But actions should speak louder than words, and outcomes do speak for themselves. If a party’s actions over the last 4 or 8 years was any good, shouldn’t the outcome be obvious? And, if a party’s actions the last 4 or 8 years wasn’t any good, shouldn’t that outcome be obvious too? Too often we let our objective observations of such things be ‘filtered’ or obfuscated by our subjective feelings.

The outcomes of the actions of our government the last 8 years have not been very good. And yet, the conversation is not about the outcomes of their actions or inactions; somehow, it’s again been deflected to “feelings”.

Remember, some feelings you have towards others are well founded and are trustworthy. But other feelings have been manipulated.
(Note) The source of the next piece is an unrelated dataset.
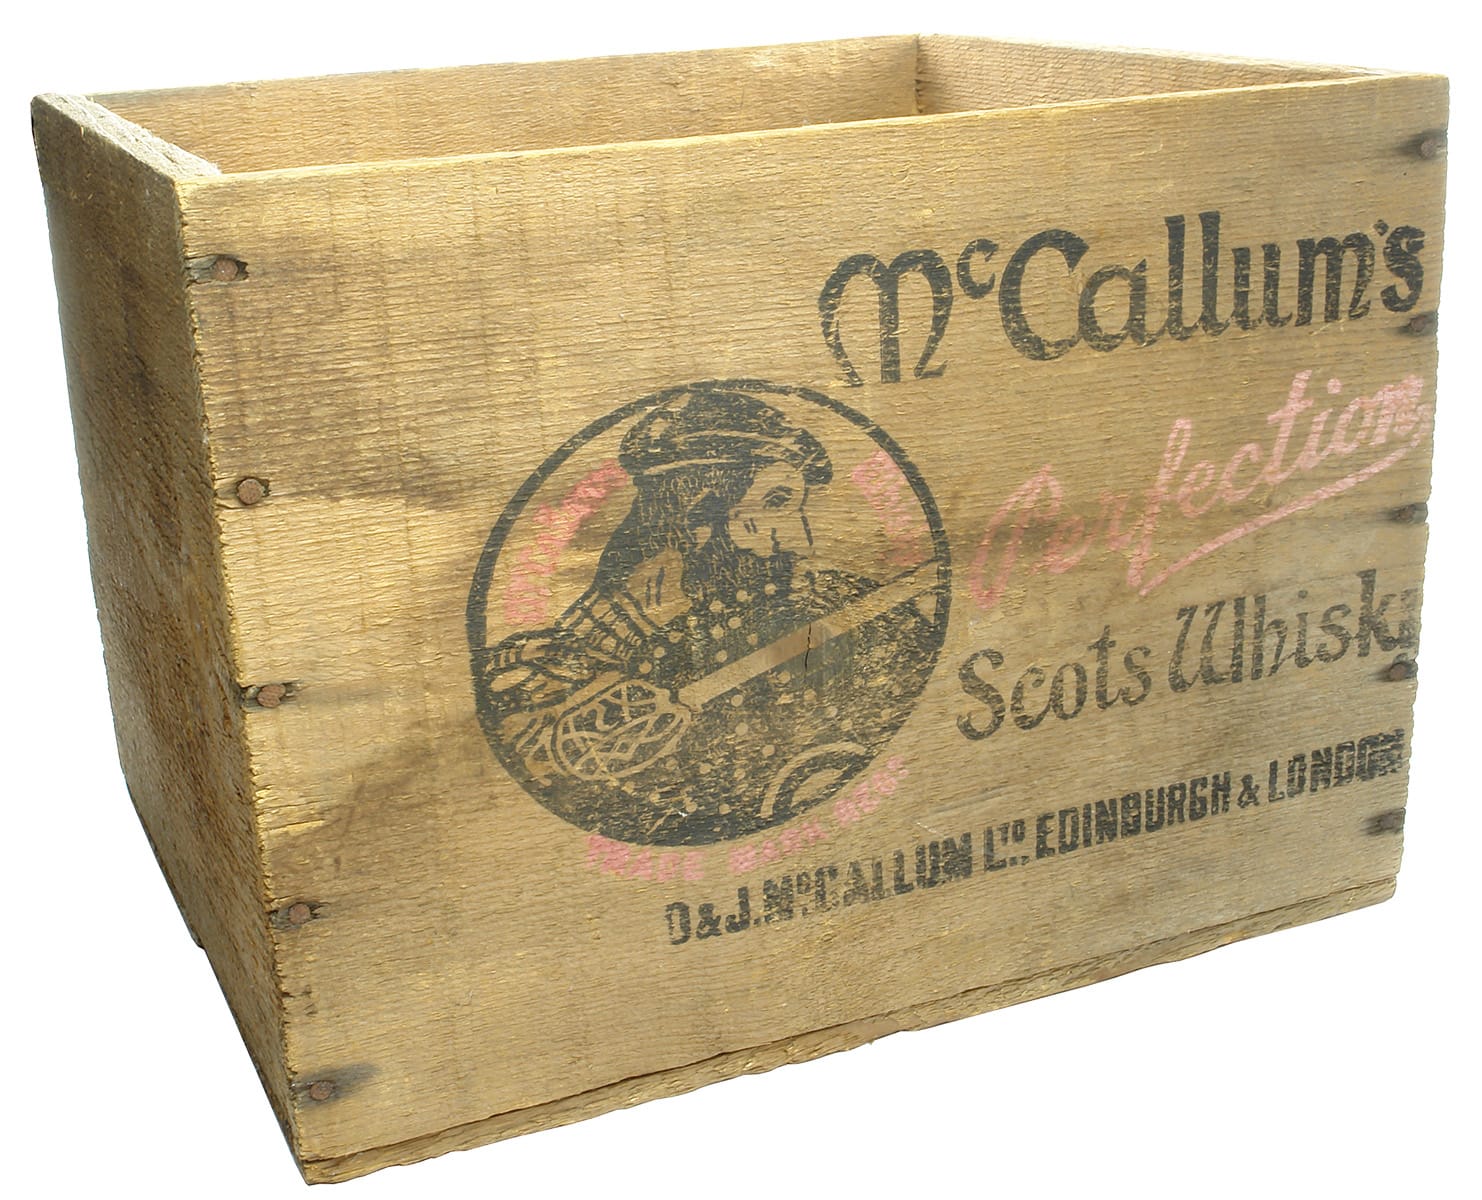 McCallum's Perfection Scots Whisky Box

Sound bites and snippets designed to make you feel negative about a candidate, are relentlessly coming into your social media feed. Where are the facts? What actions were taken? What promises were made? What are the outcomes that are evident today? What are the actual, specific outcomes you want to see in the future? Put the fuzzy “feelings” based rationale away – its what’s been used against you – against the majority of us – for years.

People and organizations have incredible power over you – over society – if we allow our personal decisions to be made on how they make us feel. Do you think someone’s fighting for you? How? Do you think someone worked hard for you in the past? How did they do that, exactly? And, what was the outcome?
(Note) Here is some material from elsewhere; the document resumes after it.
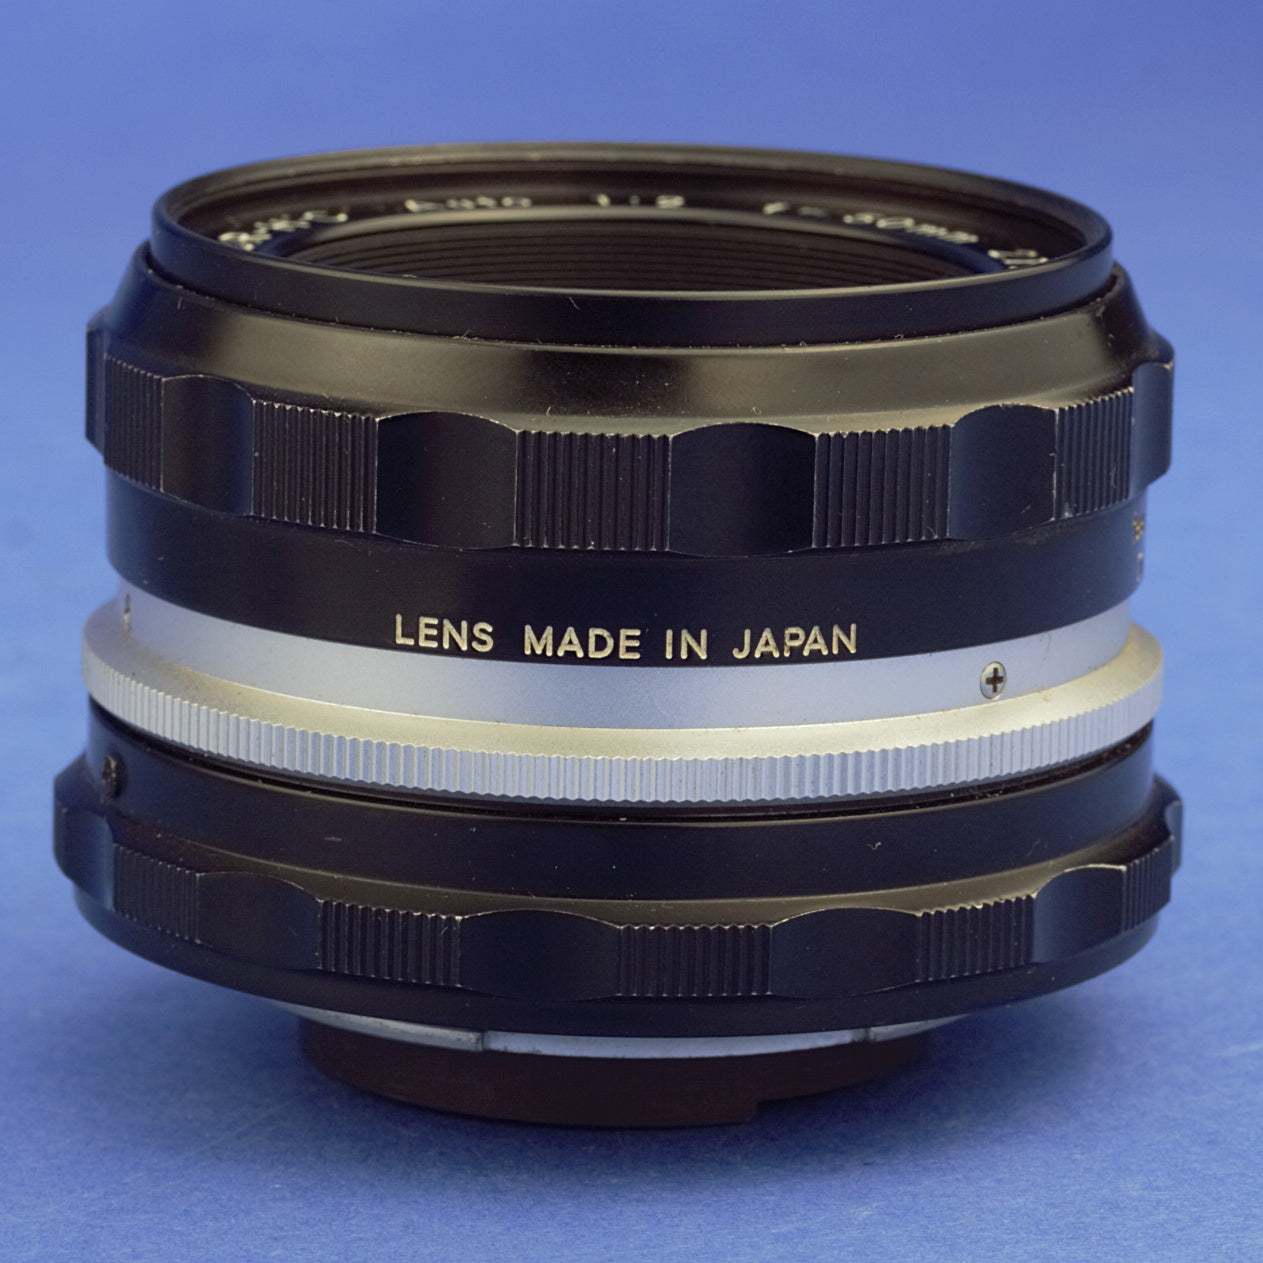 Nikon Nikkor 50mm F2 Non-Ai Lens

Don’t be manipulated by ads and headlines designed to make you “feel” something, be that anger, distrust, discontentment, or even positive feelings like confidence and pride. None of that is real.

Actions are what you should look for and outcomes are what you should see or expect to see. Information is what you should ask for more of. And don’t look past all the outcome evidence of previous deceptions – because that’s what it is when it’s just your feelings that the message is aimed to change. Its deception.
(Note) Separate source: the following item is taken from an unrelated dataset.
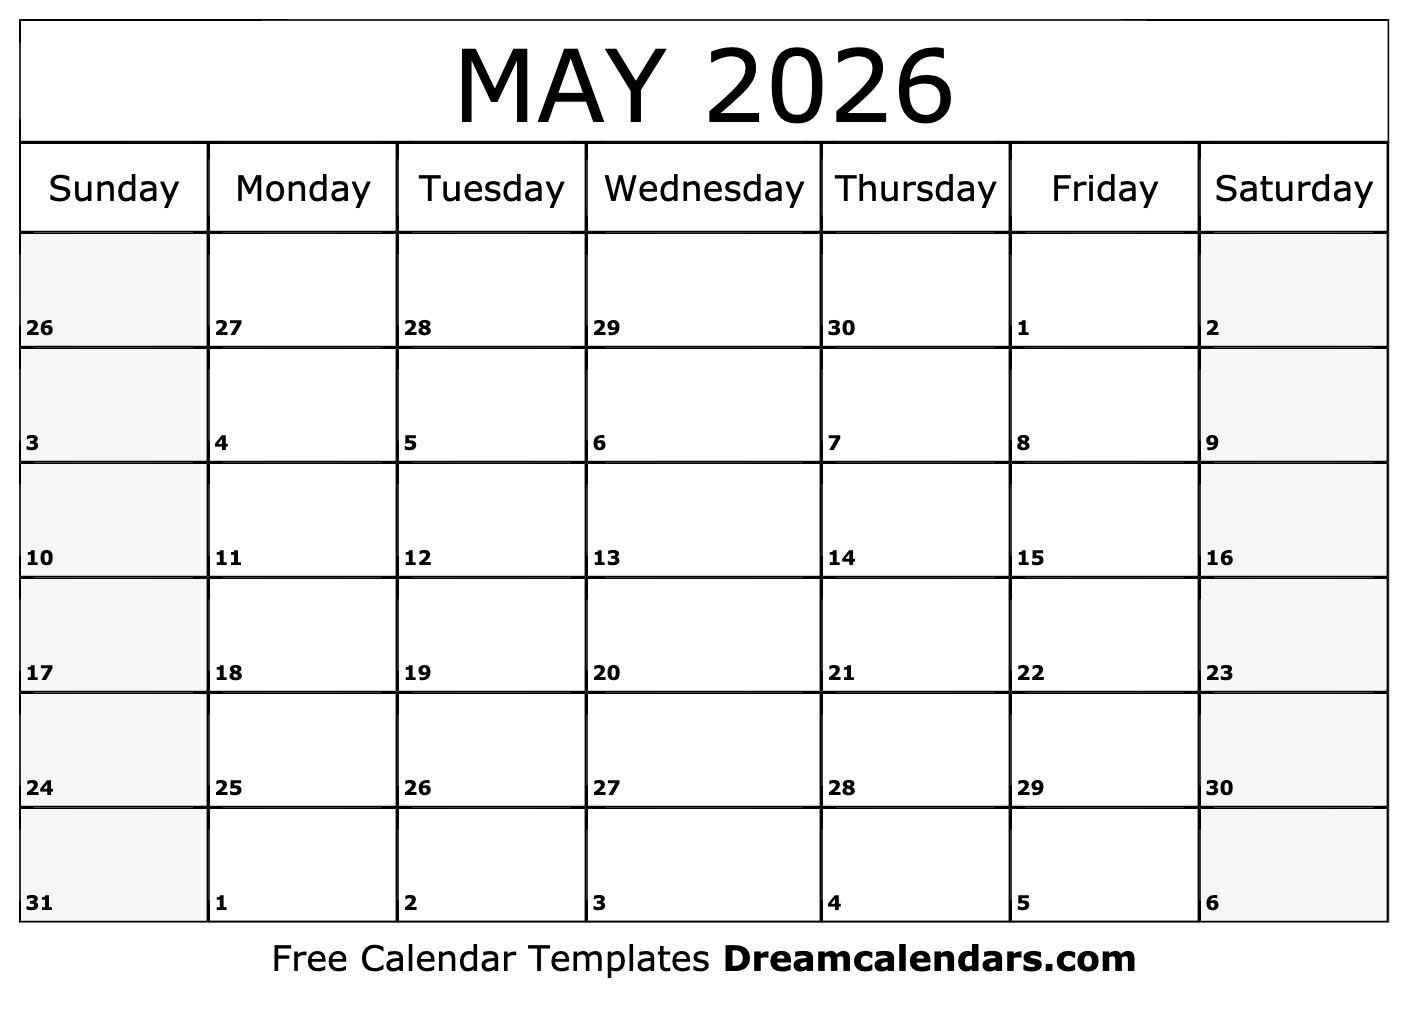 may-2026-calendar-free-blank-printable-with-holidays

Here’s a safety test you can do on any incoming messages you receive: does it inform you or inspire you or challenge you, or does it incite you, ignite you, or invoke something in you? Does it speak to your brain, and does it contain any logic and reason, or is it primarily trying to make you “feel” a certain way about someone or something?

Actions do speak louder than words, but outcomes speak for themselves. Outcomes and actions are “data”. I’ll make feelings-based decisions with the people I love and trust. For politics, and everything else, I’ll look at the objective data.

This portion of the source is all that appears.